Serverless and Edge Functions Are Quietly Eating the Server
Why more web developers are shipping request-driven code to Cloudflare Workers, Vercel Edge Functions, and Lambda@Edge instead of managing servers.
I keep having some version of the same conversation with developer friends this year: “we ripped out our Express server and just put it on the edge.” A year ago that sentence would’ve needed a lot more explaining. Now it barely raises an eyebrow.
The pitch for serverless isn’t new — AWS Lambda has been around since 2014. What’s changed in 2021 is where the code actually runs. Cloudflare Workers, Vercel Edge Functions, and AWS’s own Lambda@Edge push your function out to points of presence scattered around the globe instead of a single region. A request from Tokyo doesn’t have to round-trip to us-east-1 anymore; it gets handled a few hundred miles away. For anything latency-sensitive — auth checks, personalization, A/B test routing, redirects — that’s a real, measurable win, not just a marketing bullet point.

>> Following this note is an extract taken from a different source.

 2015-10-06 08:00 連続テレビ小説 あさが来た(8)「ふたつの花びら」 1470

There’s also an operational story here that I think matters more to most teams than the latency numbers. Managing servers is work. Patching, autoscaling policies, load balancer configs, capacity planning for traffic spikes — none of that is the reason most companies exist, but it eats real engineering time. Serverless and edge platforms hand that off to the provider. You write a function, you deploy it, and the platform figures out how many instances to run and where. For request-driven workloads — the bulk of what a typical web app does — that tradeoff is looking increasingly obvious.

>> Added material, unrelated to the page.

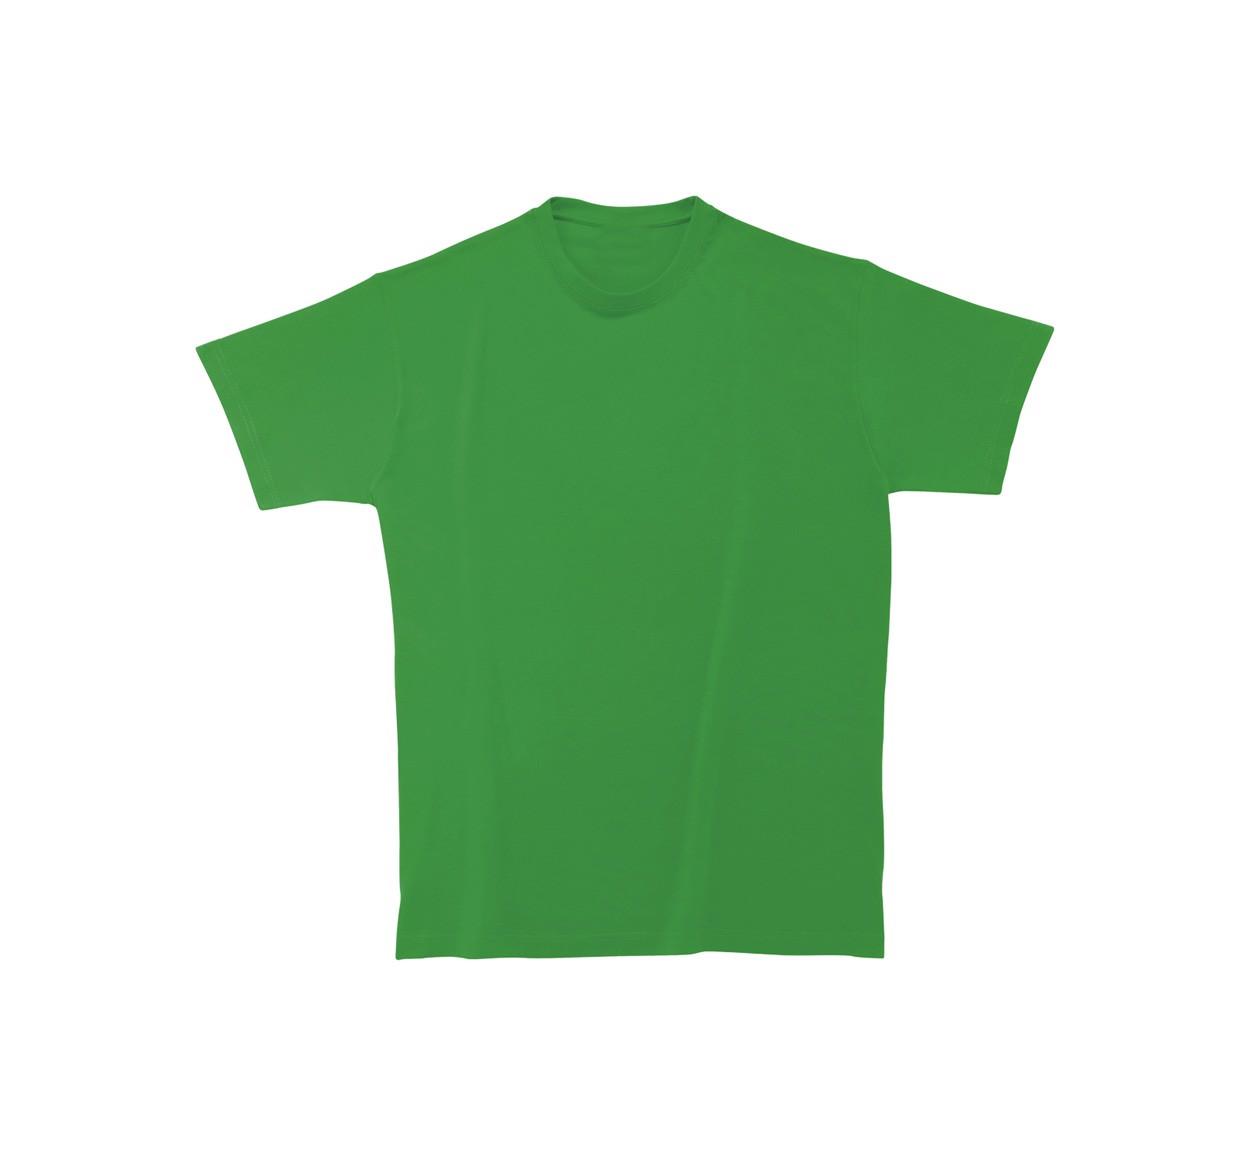 Tričko Softstyle Man - Zelená / S

The catches nobody skips over in the pitch decks
None of this is a free lunch, and anyone who’s actually shipped something on the edge will tell you where it bites. Cold starts are still a thing, even if edge runtimes have gotten better at minimizing them by using lightweight V8 isolates instead of full containers. Debugging is harder — you can’t just SSH in and poke around when something’s misbehaving in a data center you don’t control. And the runtime environments are constrained on purpose: Cloudflare Workers, for instance, don’t give you a full Node.js environment, so libraries that assume access to the filesystem or certain Node APIs just won’t run there without modification.
There’s also a genuine architectural rethink required. Edge functions work great for stateless, short-lived logic. The moment you need a persistent database connection pool, a long-running background job, or heavy compute, you’re back to reaching for traditional servers or specialized backends — durable objects, edge-compatible databases, or just falling back to a regional origin server behind the edge layer.
I don’t think this spells the end of “real” servers anytime soon, despite how some of the more breathless takes frame it. What I do think is happening is a genuine unbundling: the parts of an application that are simple, stateless, and latency-sensitive are migrating outward to the edge, while the stateful, heavyweight parts stay put. That’s a more interesting story than “serverless kills the server,” and it’s also a more accurate one. If you’re starting a greenfield web project right now, it’s worth at least sketching out which routes could live on the edge — you might be surprised how much of a typical app qualifies.